The Consequences of a Higher Standard of Proof

I expect the Supreme Court will adopt some kind of a middle ground (#2 or #3 above), not requiring subjective intent as Elonis argued but also not accepting the broad rule requested by the government. Justice Breyer seemed to be suggesting during the argument that #2 was effectively already the law: the defendant has to know that he is making statements that are true threats, which means by definition he has to know that a reasonable person would be put in fear by the statements. The Court may conclude that requiring at least this kind of knowledge is a reasonable middle ground.
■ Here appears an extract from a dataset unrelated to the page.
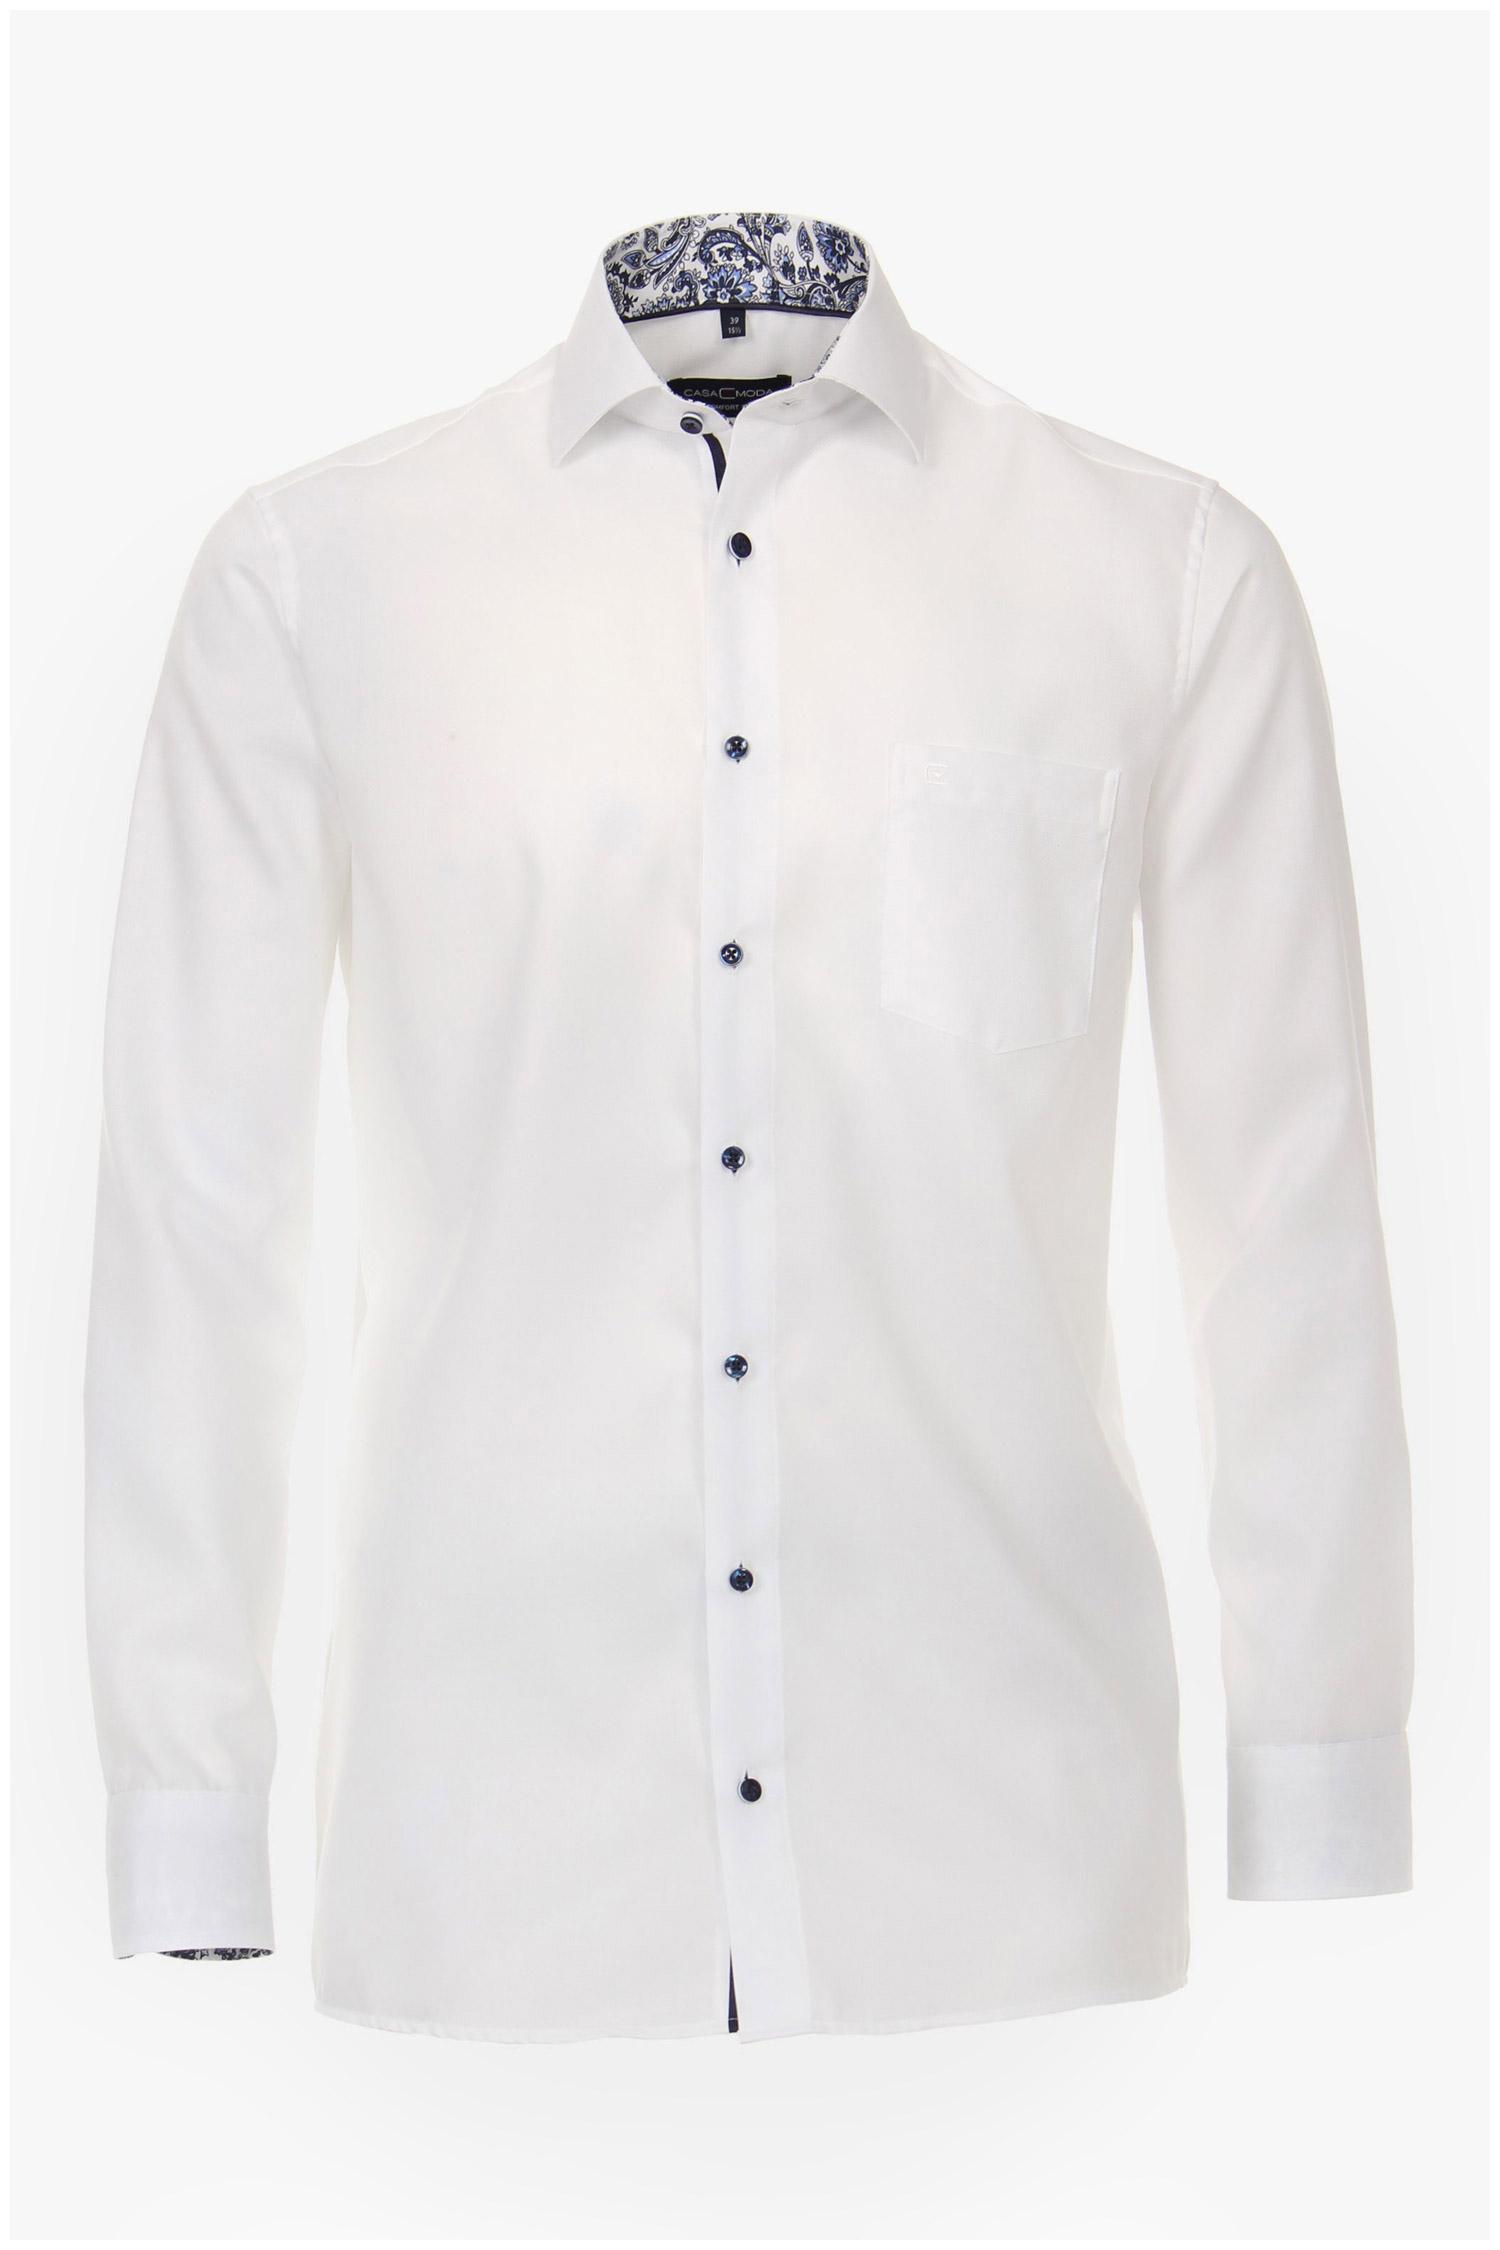 Camisas, Vestir Manga Larga, 110243, BLANCO | Zoom

This doesn’t mean someone like Elonis could never be prosecuted. As with so many criminal appeals, this case is all about the jury instructions: what should the jury have been told it had to find concerning the defendant’s state of mind? If the Court rules that the Elonis jury should have been told it had to find knowledge or intent by Elonis, his own convictions will be reversed, but for future cases the jury instructions will simply be modified.  Elonis himself could even be re-tried, if the government chose to do so, and I wouldn’t be surprised if he were convicted again.

Proving intent or knowledge is not some kind of insurmountable hurdle. Prosecutors do it all the time. As a prosecutor, I wouldn’t hesitate to take a case like Elonis to a jury and argue that the evidence established he knew or intended that his posts would place his wife in fear. And if a defendant tried to fabricate a “rap lyric” defense, the prosecution could present evidence to establish it was merely a ruse – again, disproving an alleged defense is nothing unusual. If the Court rules for Elonis, it’s not going to be some kind of “get out of jail free” card for future stalkers and harassers.

Imposing a higher proof requirement isn’t about condoning Elonis’s reprehensible conduct, it’s simply about strictly interpreting statutes that criminalize speech. A higher standard of proof will make threats prosecutions somewhat more difficult, but that’s not necessarily a bad thing. The government has to tread very lightly when it seeks to turn written words into a federal felony. Given our First Amendment heritage and devotion to free expression, it’s not too much to ask that the government prove some level of intent or knowledge when seeking to send someone to jail solely for what they wrote. I hope the Court agrees.